When I was just starting to learn to code a few months ago I was big on ultimatums of ā€˜this vs that’. Now that I’ve spent some time learning (as well as too much time lagging) I see that doing multiple things is the way to go.

Front End FCC can honestly be completed very quickly. A majority of the the stuff is algorithmic challenges. I’ve spent like a month just doing Codewars challenges nonstop and I’m at a point where I can complete algorithm puzzles ā€˜beautifully’ according to a guy I was pair programming with at an FCC meetup.

I feel like you can learn a lot more by doing; music in the background and google tabs rotating on a constant, and that’s what FCC is all about. I wouldn’t discount FCC just because it’s free.

Quickest shot to learning > quickest shot to get a job. Most bootcamps don’t hold much weight job seeking and I’d assume nanodegrees hold even less.

From what I can recall, if you signed up and finish Nanodegree and can’t find a job within 6 months, you get your money back.

Bootcamps like AppAcademy follows the same structure - you don’t pay them until you land your first dev job (18% of your first year salary)

You have to pay an extra $100 /m for that benefit with Udacity, and it essentially preselects people with the initiative to learn things fast. It goes to stand that they’re likely doing things during that 6 month window that makes them more likely to get hired.

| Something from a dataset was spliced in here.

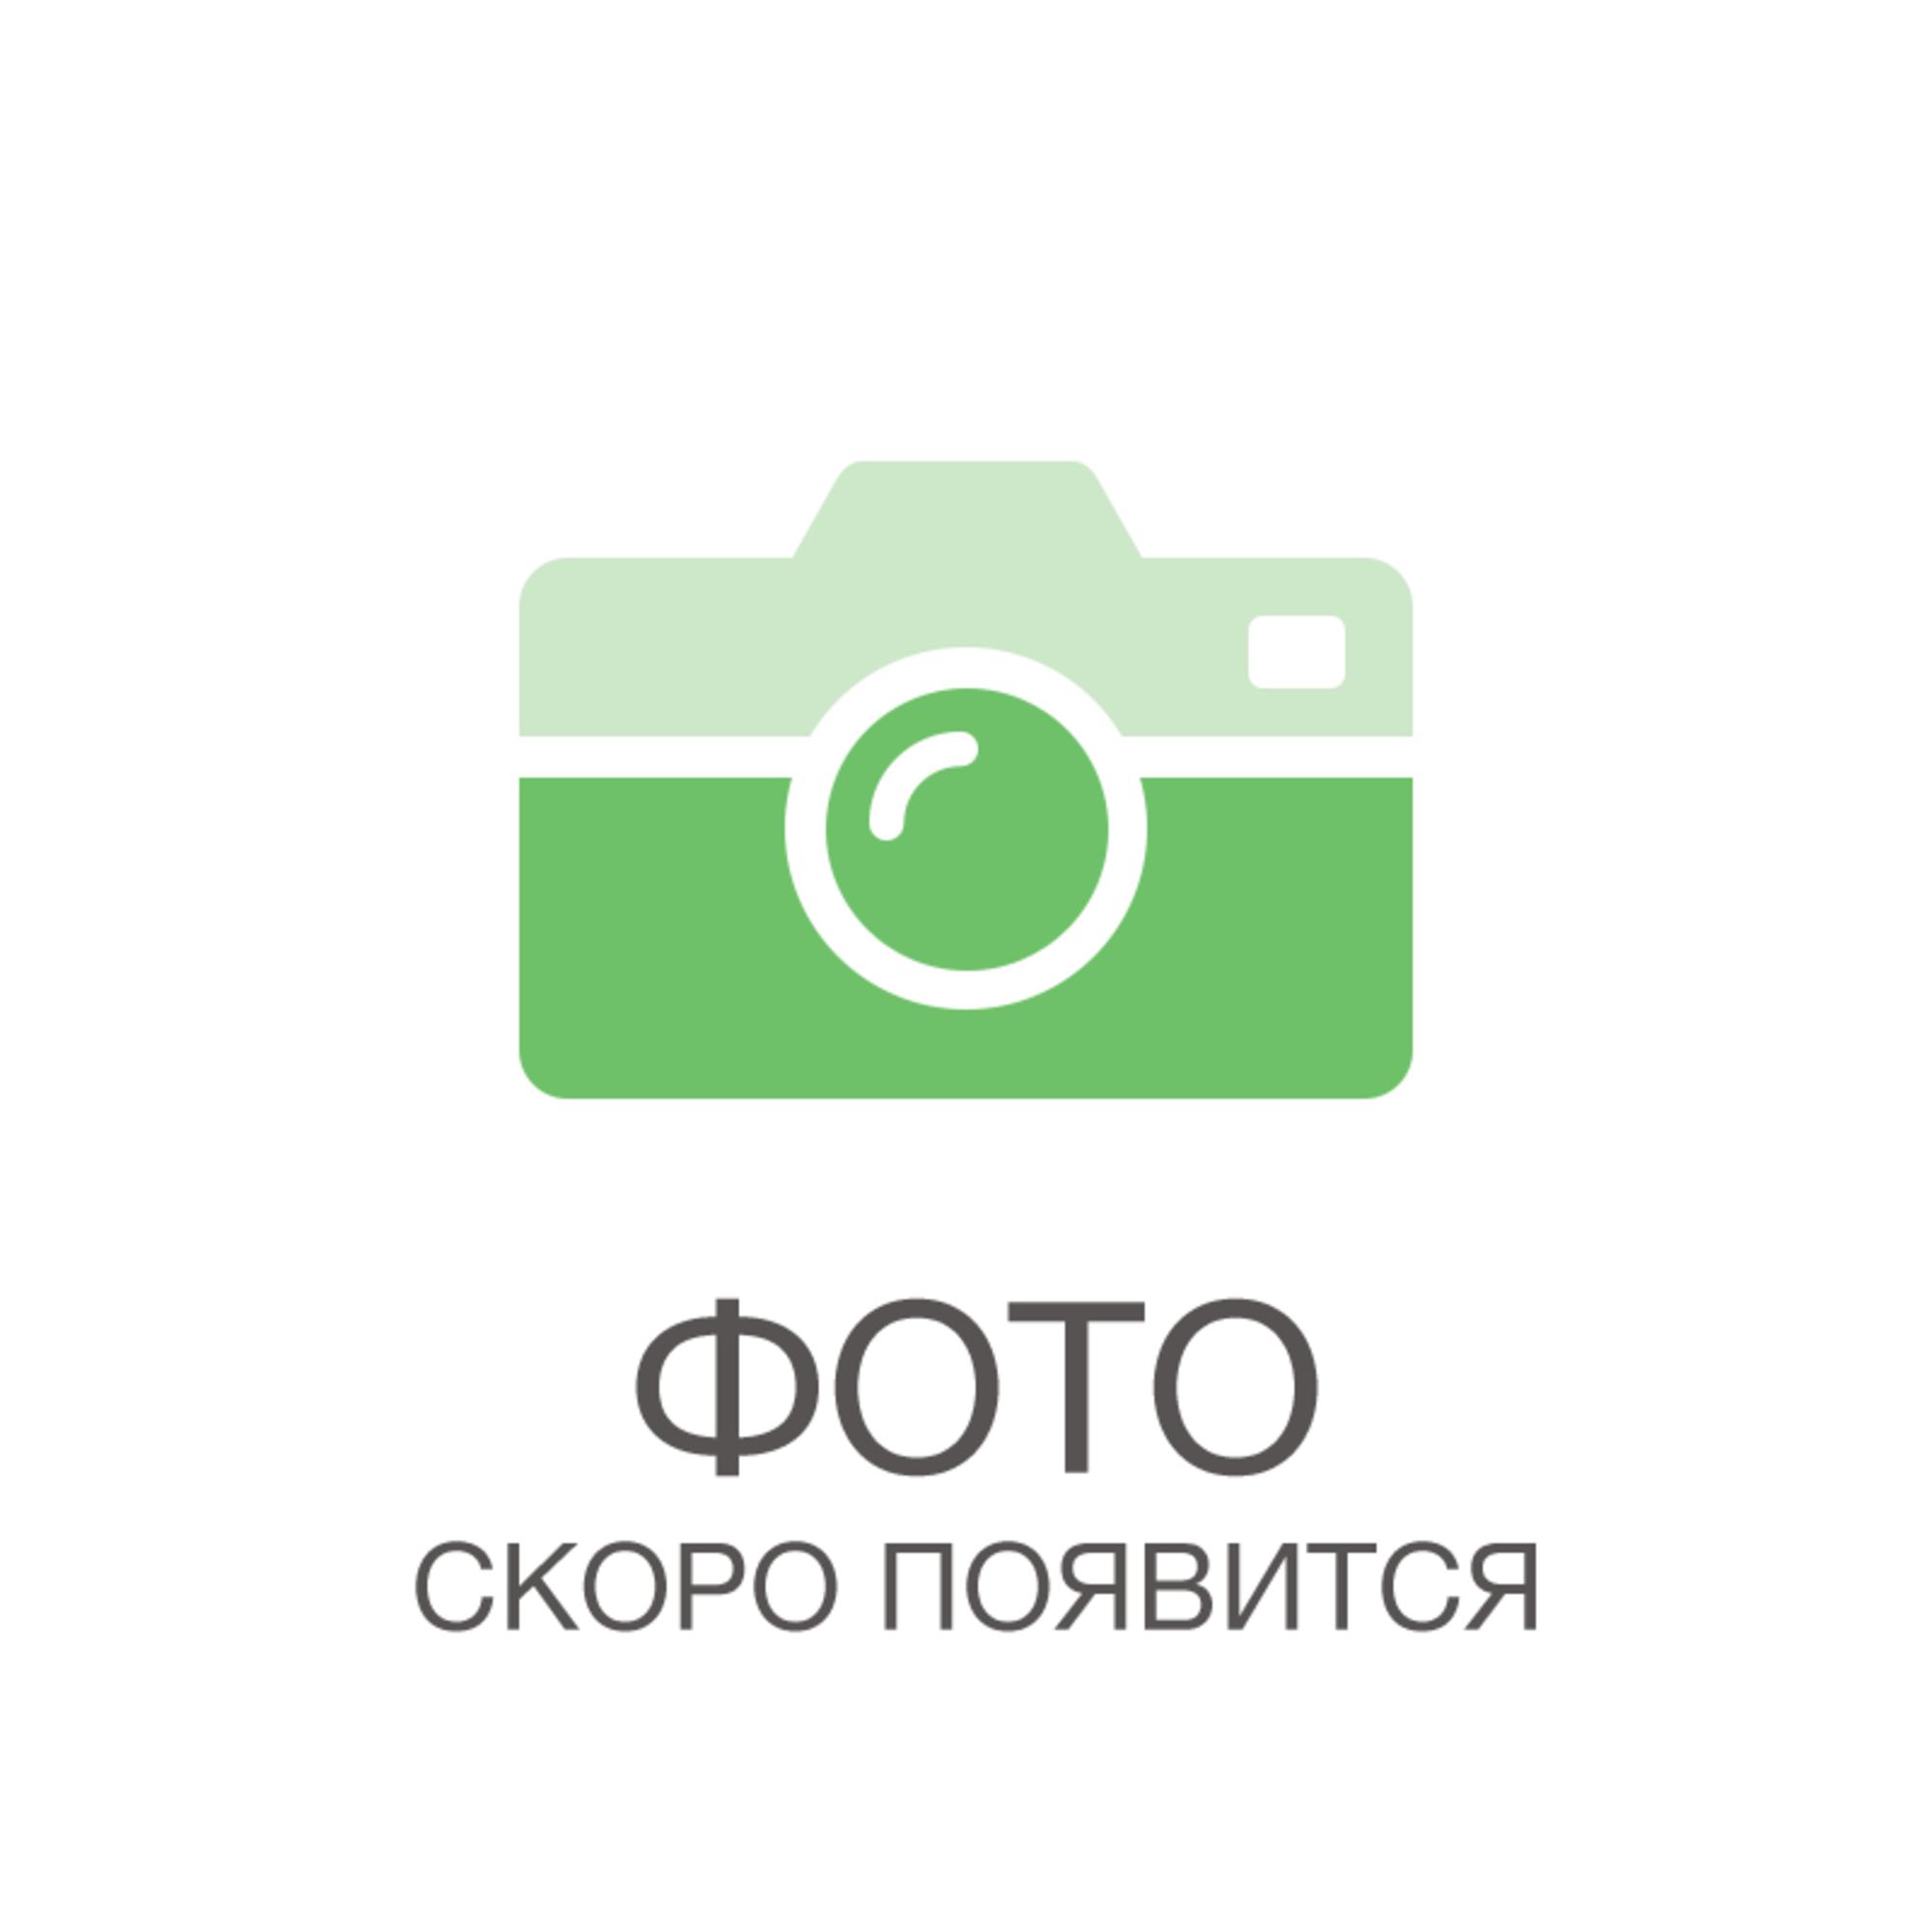 Светодиодная лампочка Фотон 23404 E27 530 Лм 6 Вт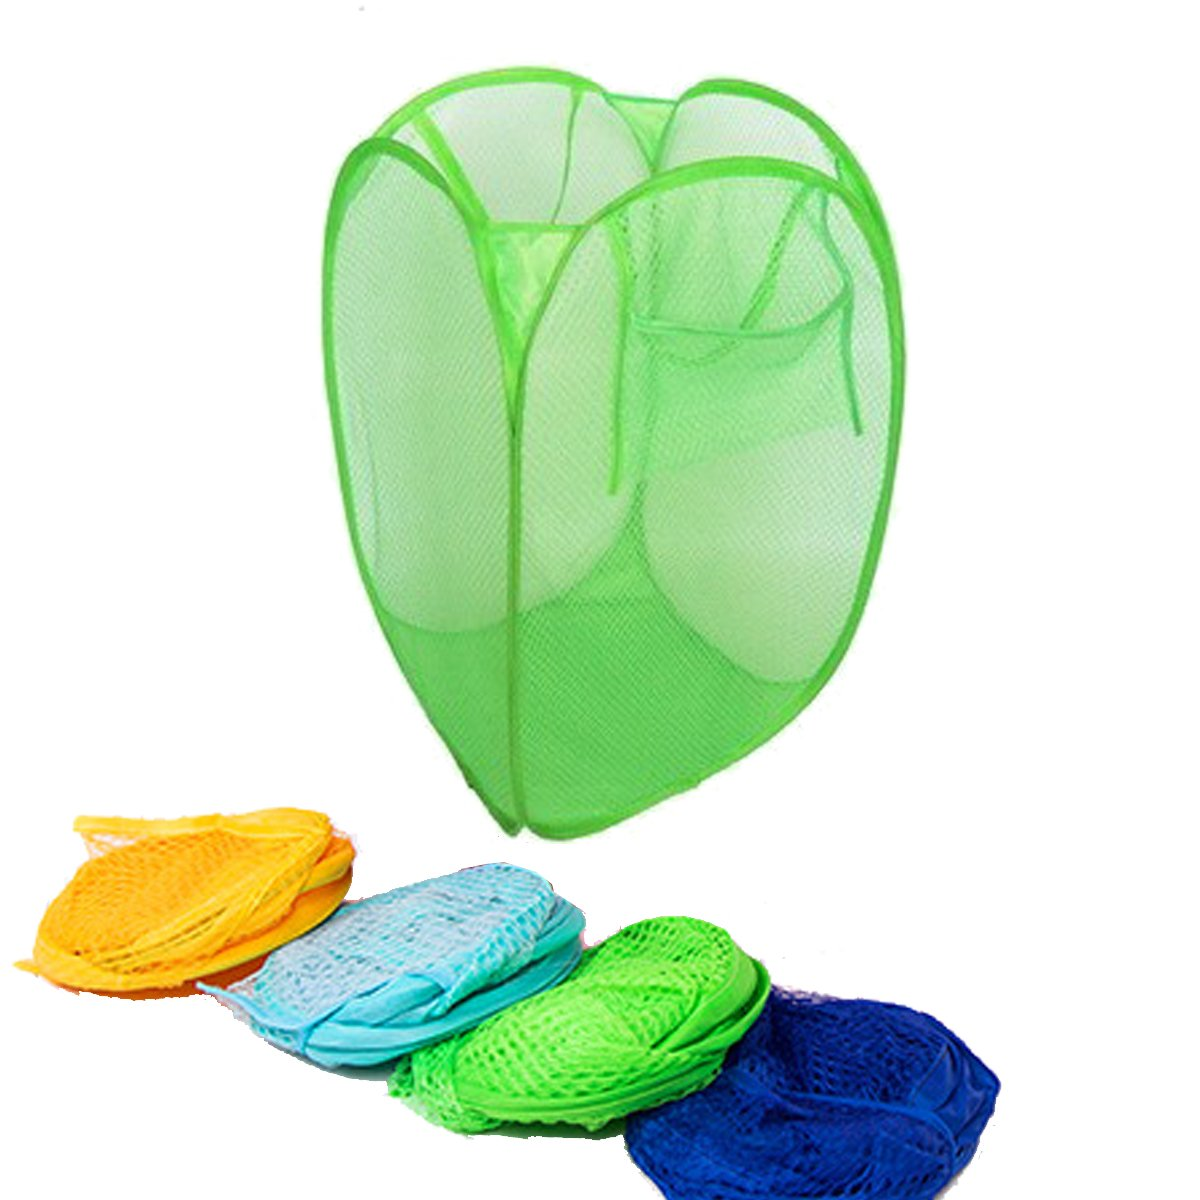 Korb flach Receiving Korb f/ür Kleidung Spielzeug Aufbewahrung blau Tpocean Faltbare Mesh Pop-Up-W/äschekorb

With bootcamps I said ā€˜most’. I plan on going to Hack Reactor (which also offers Remote, OP) but there’s a theory that I’ve talked about with people from an FCC meetup that top bootcamps like HR only select people that are already essentially job ready.

I don’t know. How did you get your first dev job?

I was part of Google’s Dev Scholarship for Udacity Front-End NanoDegree. I found there coverage of JavaScript not enough to complete the projects they have you complete and the mentorship was aweful.

I’d recommend steering clear of them if you have to pay for it.